A new analysis has calculated that companies have announced plans to create 100,000 new green jobs in America since the passage of the Inflation Reduction Act in August 2022, spread across over 90 new clean energy projects in 31 states!
Democrats won total control of the Minnesota legislature in the 2022 midterm elections. Now, both chambers have passed a 100% clean electricity bill, with both the Minnesota House and Senate approving a bill that will require all utilities to provide 100% carbon-free electricity by 2040. It will shortly be signed into law by Democratic Governor Tim Walz, a strong supporter. (Republican-governed North Dakota is already threatening to sue as Minnesota will stop buying ND’s coal power). Minnesota now joins 16 other states (including Maine!) in passing similar 100% clean electricity bills (see map), as well as four more with executive actions only (WI, MI, LA, and NJ), and one (Nebraska) where all utility boards have voted in such a commitment. Great news!
Antarctica
A fascinatingly inventive new study used the genes of Turquet’s octopuses1 (Pareledone turqueti) to conclude that the West Antarctic Ice Sheet had likely completely collapsed during the Eemian interglacial period 125,000 years ago. (Here’s the study: it’s currently available as a preprint, awaiting peer review.) The evidence for such a collapse was previously inconclusive. An interdisciplinary research team, thinking well outside the box, tested genomes from widely separated populations to find that octopuses in the Ross Sea and Weddell Sea were surprisingly closely related-even more similar to each other than to the populations in places like the Antarctic Peninsula, which is between them on the present-day Antarctic coastline. This only makes sense if there was a seaway between the two seas at some point (which would indicate that the West Antarctic Ice Sheet had melted), and the genetic timing apparently lines up with the Eemian, when temperatures were only 0.5°C-1.5°C higher than today.

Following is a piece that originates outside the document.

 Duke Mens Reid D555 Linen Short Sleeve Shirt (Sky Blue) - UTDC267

This is of particular relevance to the Anthropocene because it means that a temperature shift of about the same magnitude as climate change is causing right now (you may have heard of the IPCC’s famous “1.5°C warning” report) appears to be enough to eventually cause a complete West Antarctic Ice Sheet collapse. Although such a collapse would take hundreds to thousands of years, it would be quite bad, raising sea levels by a catastrophic 3 to 4 meters (about 10-13 feet), enough to flood coastal regions worldwide.

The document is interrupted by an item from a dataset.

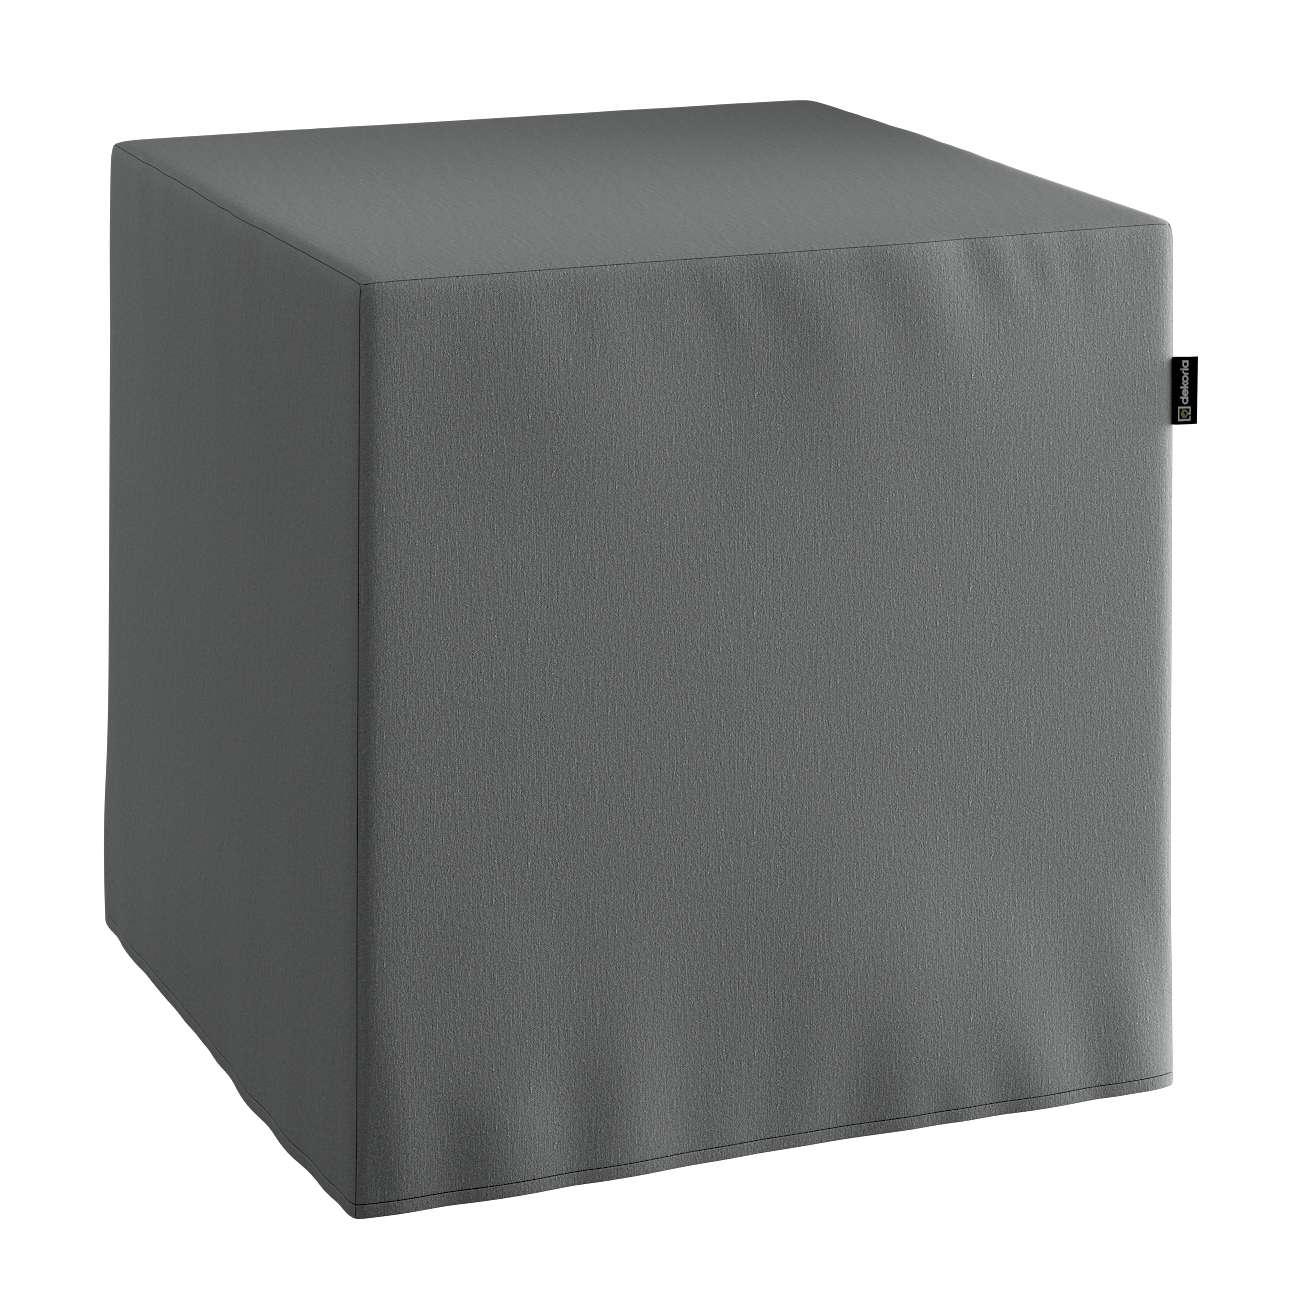 Taburetka tvrdá, kocka V kolekcii Quadro, tkanina: 136-14

On the plus side, the way humanity’s technology has been advancing lately, there’s a decent chance we’ll be able to get climate change fully under control this century and start drawing down enough carbon to cool temperatures back to normal by the 2100s, well before a complete ice sheet collapse. Yet more incentive to speed up the renewables revolution and stabilize our climate! And we learned this from octopus DNA. A truly fascinating piece of scientific discovery.
And yes, octopuses is the correct plural, not “octopi.”
Nice switch for guerillas in Columbia. I wish every belligerant around the world had their peace of mind
Octopuses and Ice sheets...who would've guessed a connection!